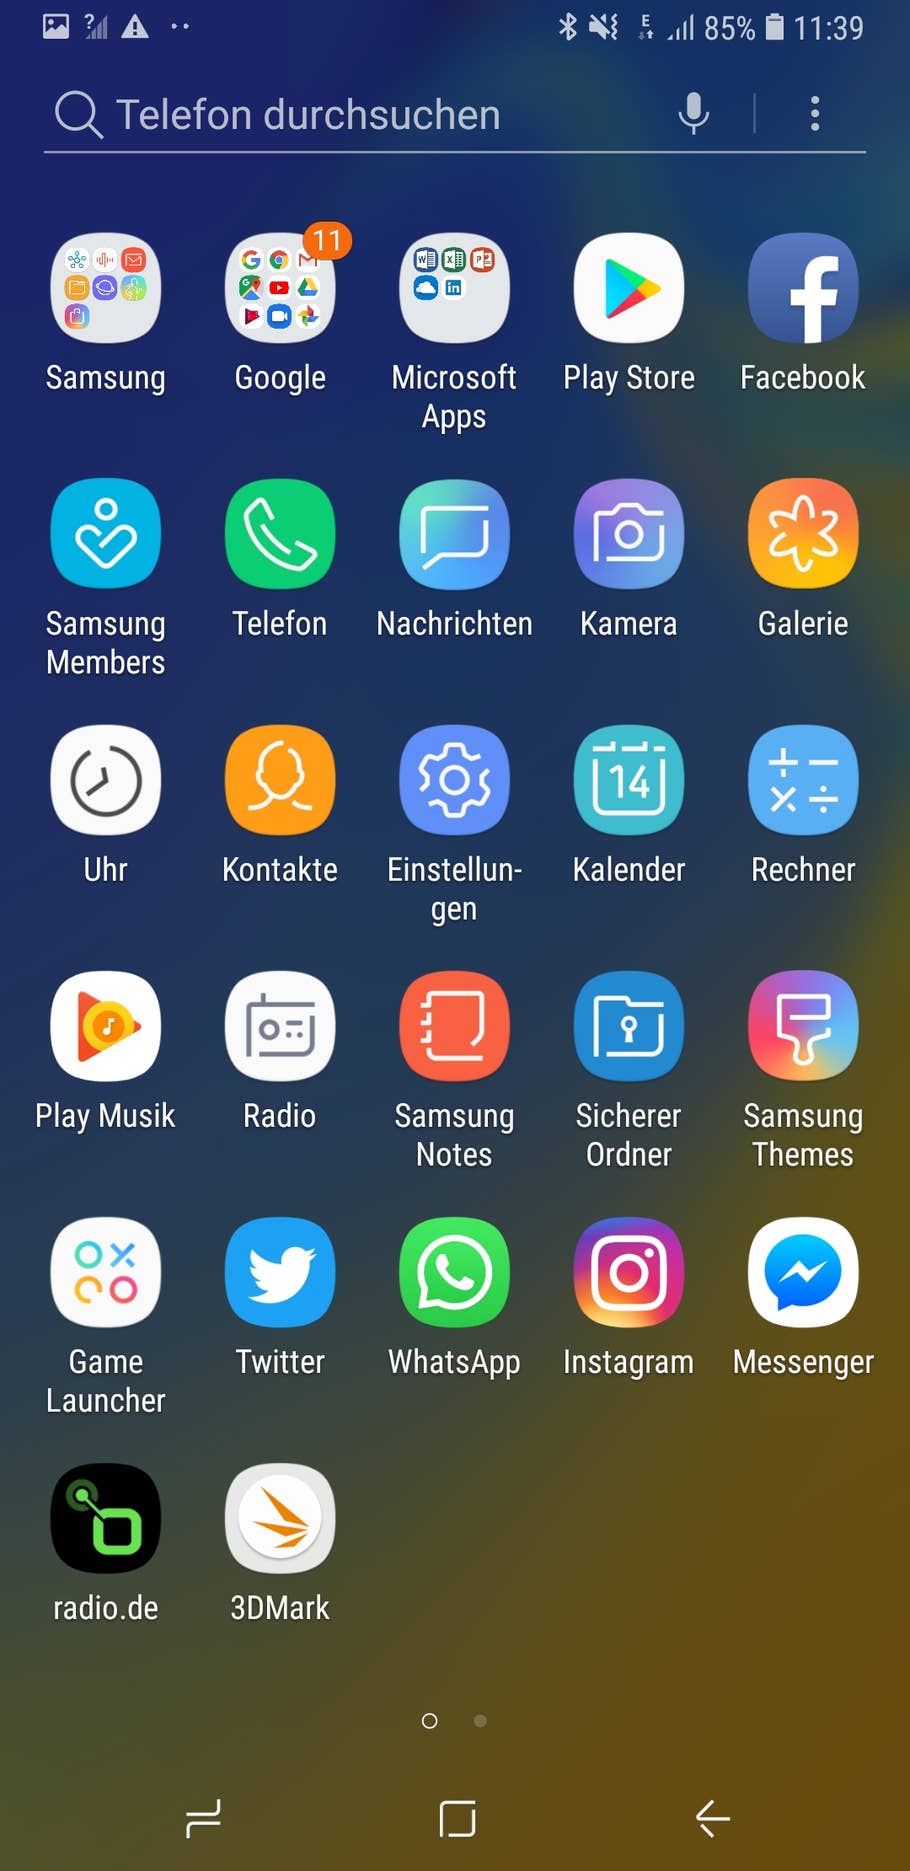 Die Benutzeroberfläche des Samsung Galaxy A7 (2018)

---

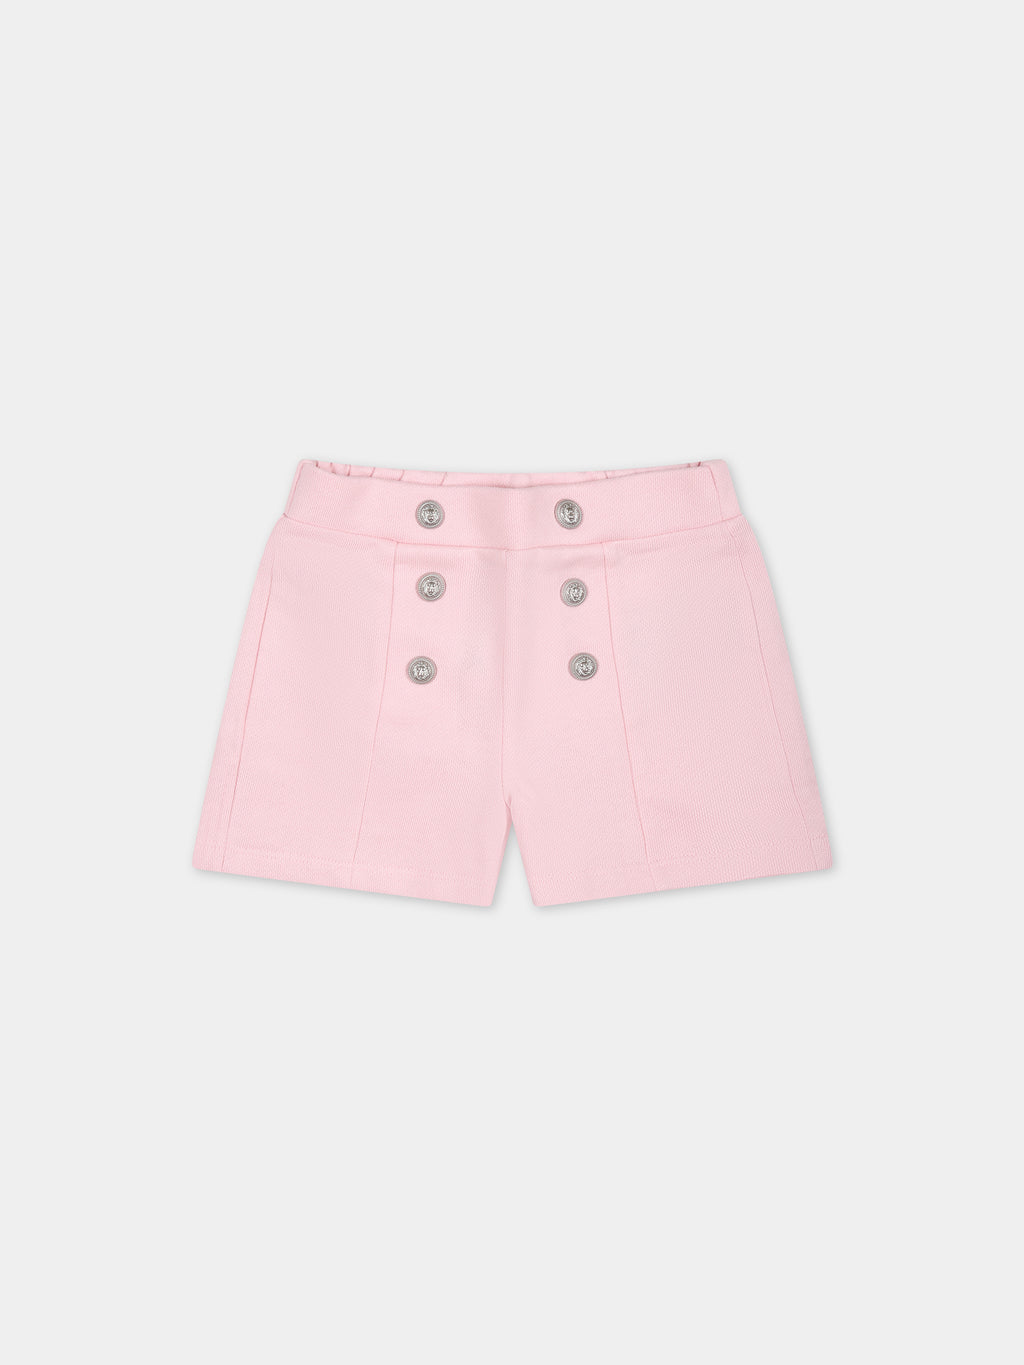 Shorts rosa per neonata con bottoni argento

==

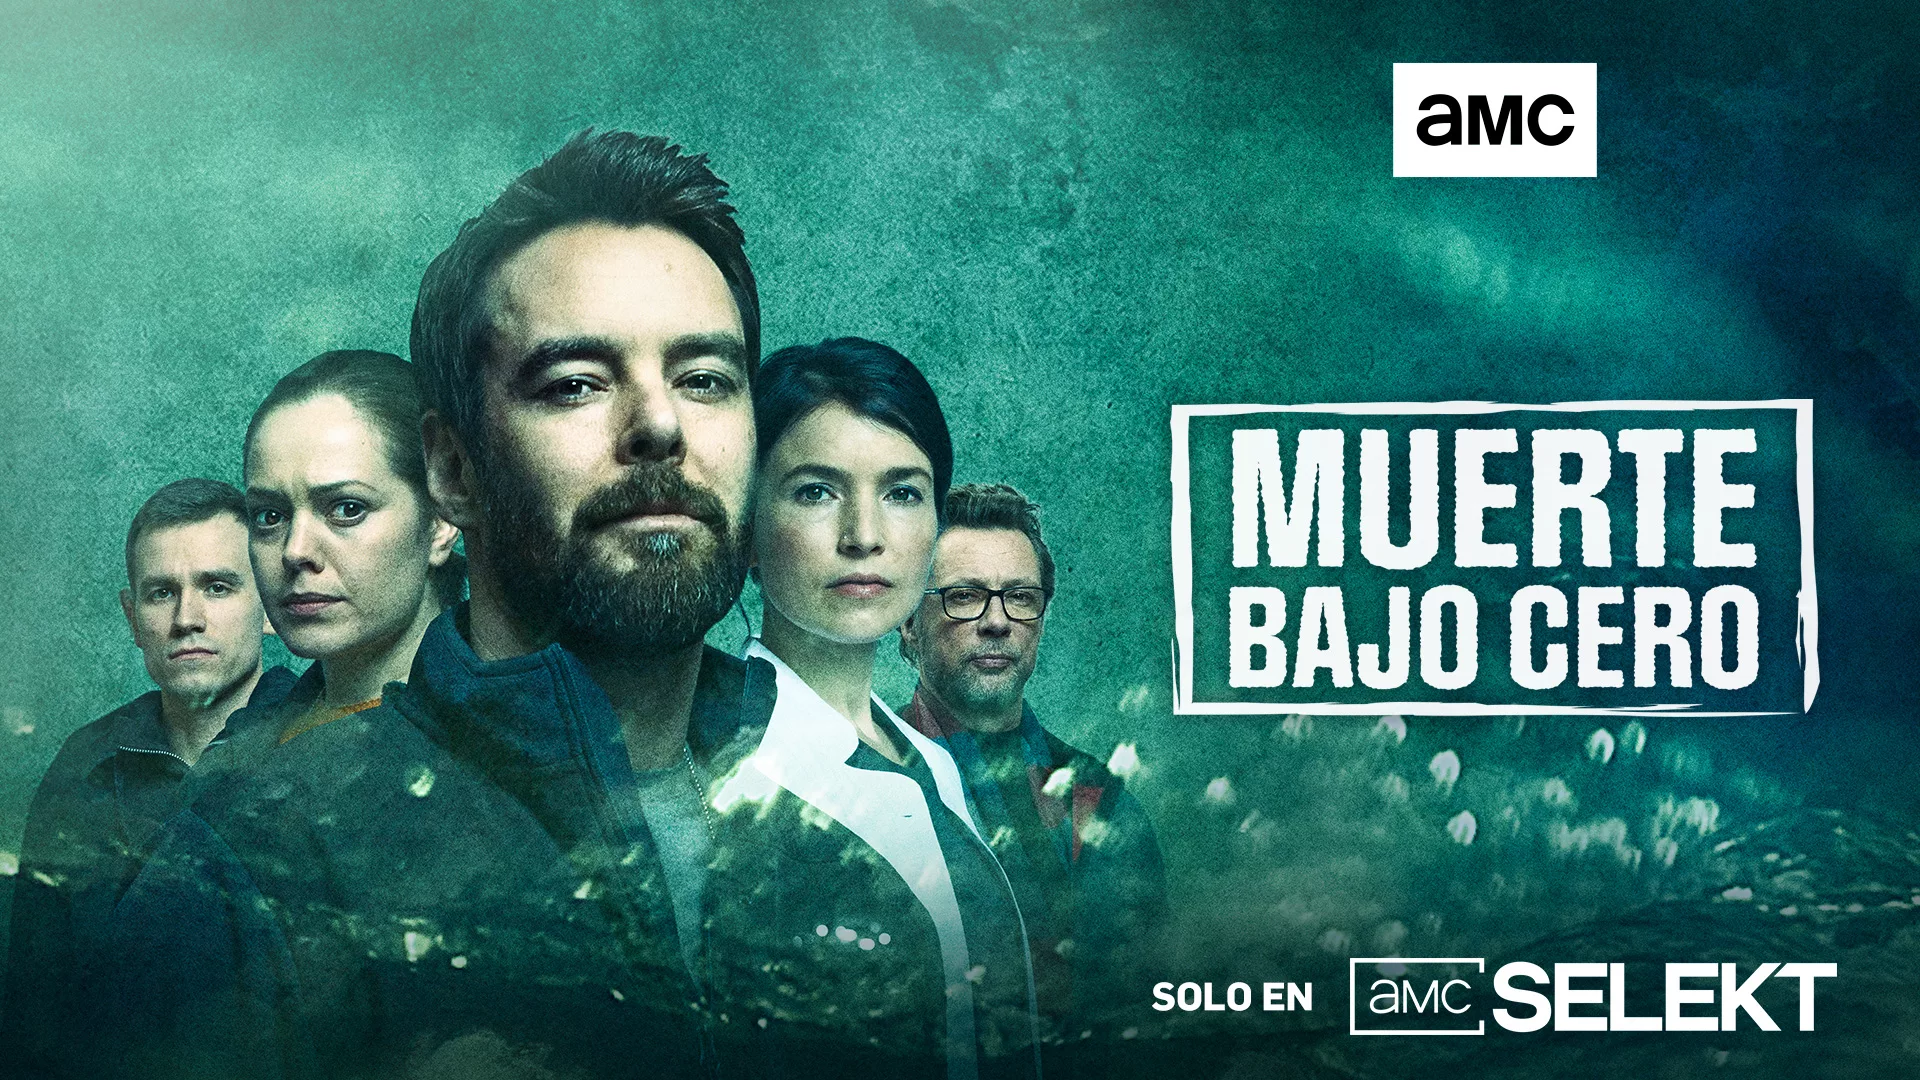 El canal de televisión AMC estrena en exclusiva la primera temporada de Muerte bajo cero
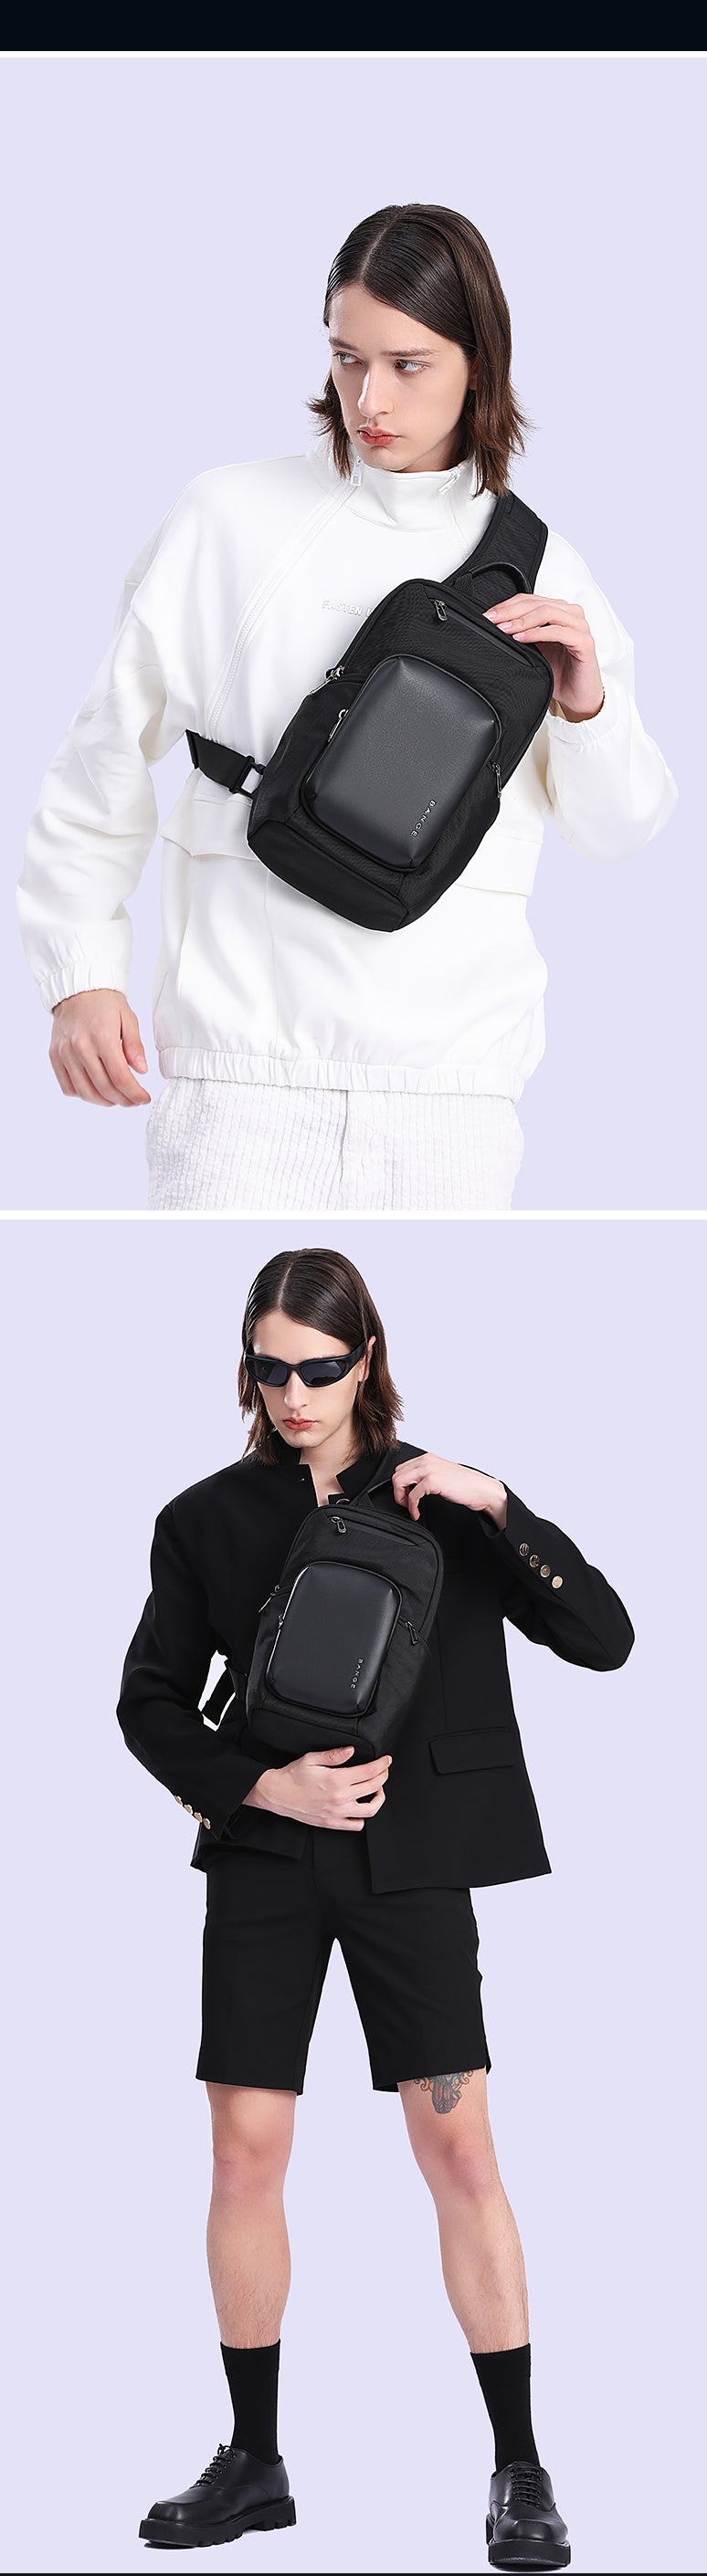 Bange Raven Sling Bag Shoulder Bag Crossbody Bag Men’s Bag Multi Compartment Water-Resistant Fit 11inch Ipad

EXERCISE AIM:
Transcribe, from the material above, the stretch starting at the line with "El canal de" and ending at the line with "Bange Raven Sling", both included, exactly. Do not carry over pictures.

RESULT OF THIS EXERCISE:
 El canal de televisión AMC estrena en exclusiva la primera temporada de Muerte bajo cero
 Bange Raven Sling Bag Shoulder Bag Crossbody Bag Men’s Bag Multi Compartment Water-Resistant Fit 11inch Ipad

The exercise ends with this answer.